Consider a finite, connected graph $G=(V,E)$. For each edge $(i,j)\in E$ there is a "weight" $p_{ij}>0$. In each point $i\in V $ weights satisfy a normalization condition: $\sum_{j:(i,j)\in E} p_{ij}=1$ (note that in general $p_{ij}\neq p_{ji}$). Separate certain set of points $V_1\subset V$ . I shall call $V_1$ the boundary of graph $G$. Now, a function $f\colon V\rightarrow\mathbb{R}$ is harmonic on $G$ (with the boundary $V_1$) if $\ \forall{i\in V\setminus V_1}\ \ f(i)=\sum_{j:(i,j)\in E} p_{ij}f(j)$ and it satisfies certain boundary conditions on $V_1$.

Question:

Consider a source - sink problem. That is: $V_1=V_1^+ \cup V_1^-$ ($V_1^+\cap V_1^-=\emptyset$). Let $f$ be a harmonic function such that $f|_{V_1^+}=1$ and $f|_{V_1^-}=0$. Assume that there are two points $i,j\in V\setminus V_1$ such that $(i,j)\in E$ and $dist(i,V_1^+) < dist(j,V_1^+)$. Here $dist(i,j)$ is a "shortest path metric" on $G$ (without taking weights under account). Under what conditions we will have $f(i)>f(j)$? Physically, if that property is fulfilled it means that "the current flows locally from the direction of the source to the direction of the sink" (one can think that $f$ is an electric potential).

Remark:

Above mentioned property of $f$ is clearly true if we know that properties $(i,j)\in E$, $dist(i,V_1^{+}) < dist(j,V_1^{+})$ imply that there are no other $p\neq i$ for which $dist(p,V_1^+)=dist(i,V_1^+)$ and $(j,p)\in E$. Moreover, it is easy to construct an example showing that if we do not have this property there can be $f(i) < f(j)$ even when $dist(i,V_1^+) < dist(j,V_1^+)$. Yet, this kind of requirement seems to be too restrictive for me.
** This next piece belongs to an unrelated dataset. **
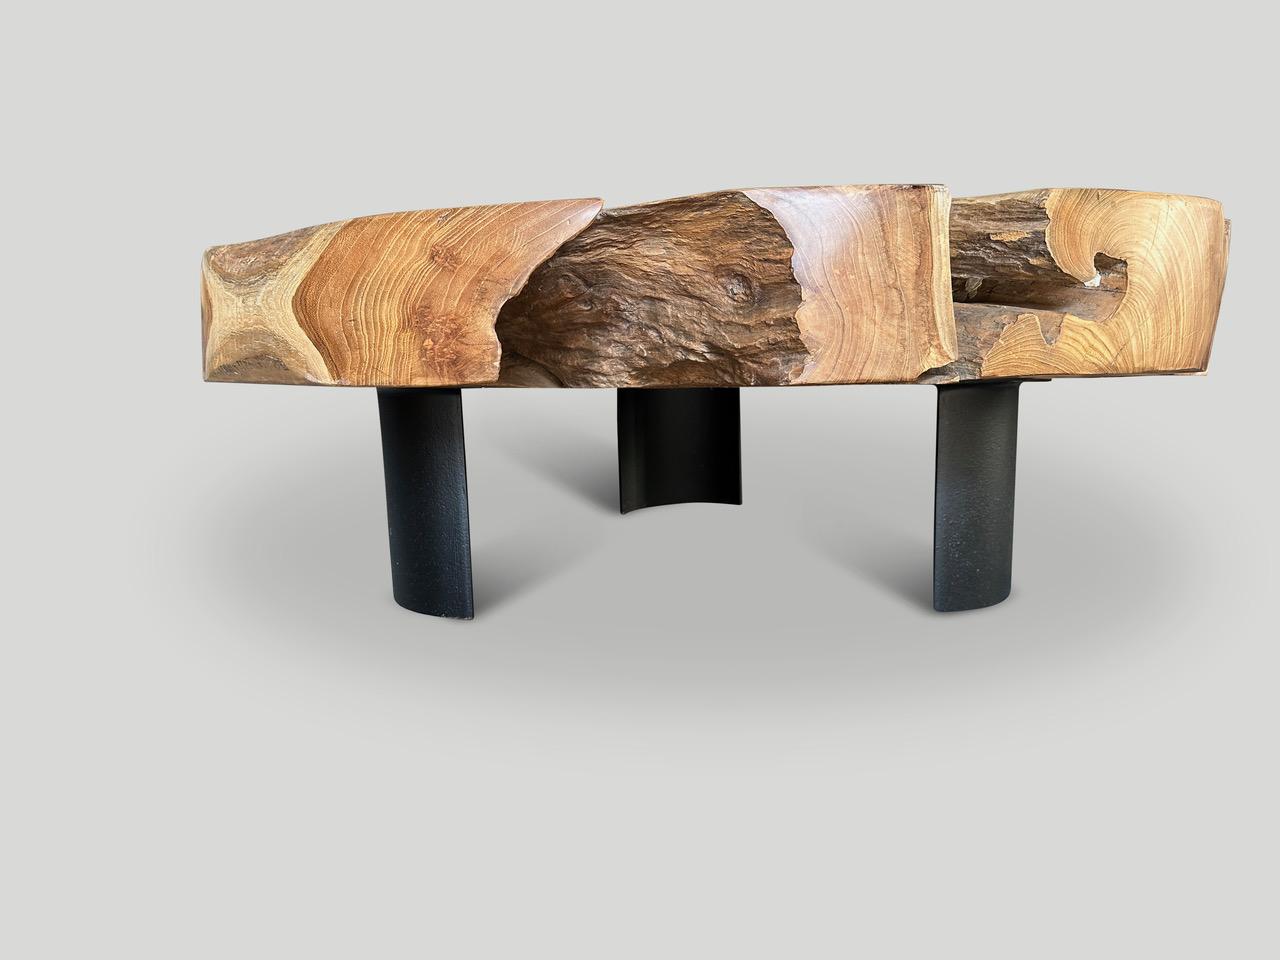 Table basse en teck recyclé. Sculpté à la main dans cette belle forme utilisable tout en respectant le bois organique naturel. Cet impressionnant plateau de cinq pouces d'épaisseur flotte sur trois pieds minimalistes en acier. Nous avons poli le

The original problem that led me to above-stated question is a problem of flow trough a sub-lattice of $\mathbb{Z}^2$ defined as $\Delta_N = \lgroup (x,y)\in\mathbb{Z}^2| x+y\leq N-1, x\geq 0,\ y\geq 0 \rgroup$ ($V=\Delta_N$, $E$ is defined in a natural way) with $V_1^+=(0,0)$, $V_1^-=\lgroup (x,y)\in\Delta_N| x+y= N-1 \rgroup$. Clearly, if the network is uniform ($p_{ij}=\frac{1}{ Card \lgroup j|(i,j)\in E\rgroup} $ ), we will have property desired by me. The question is whether it will be fulfilled when I allow general $p_{ij}$ (note however that I exclude the possibility that $p_{ij}=0$ for $(i,j)\in E$).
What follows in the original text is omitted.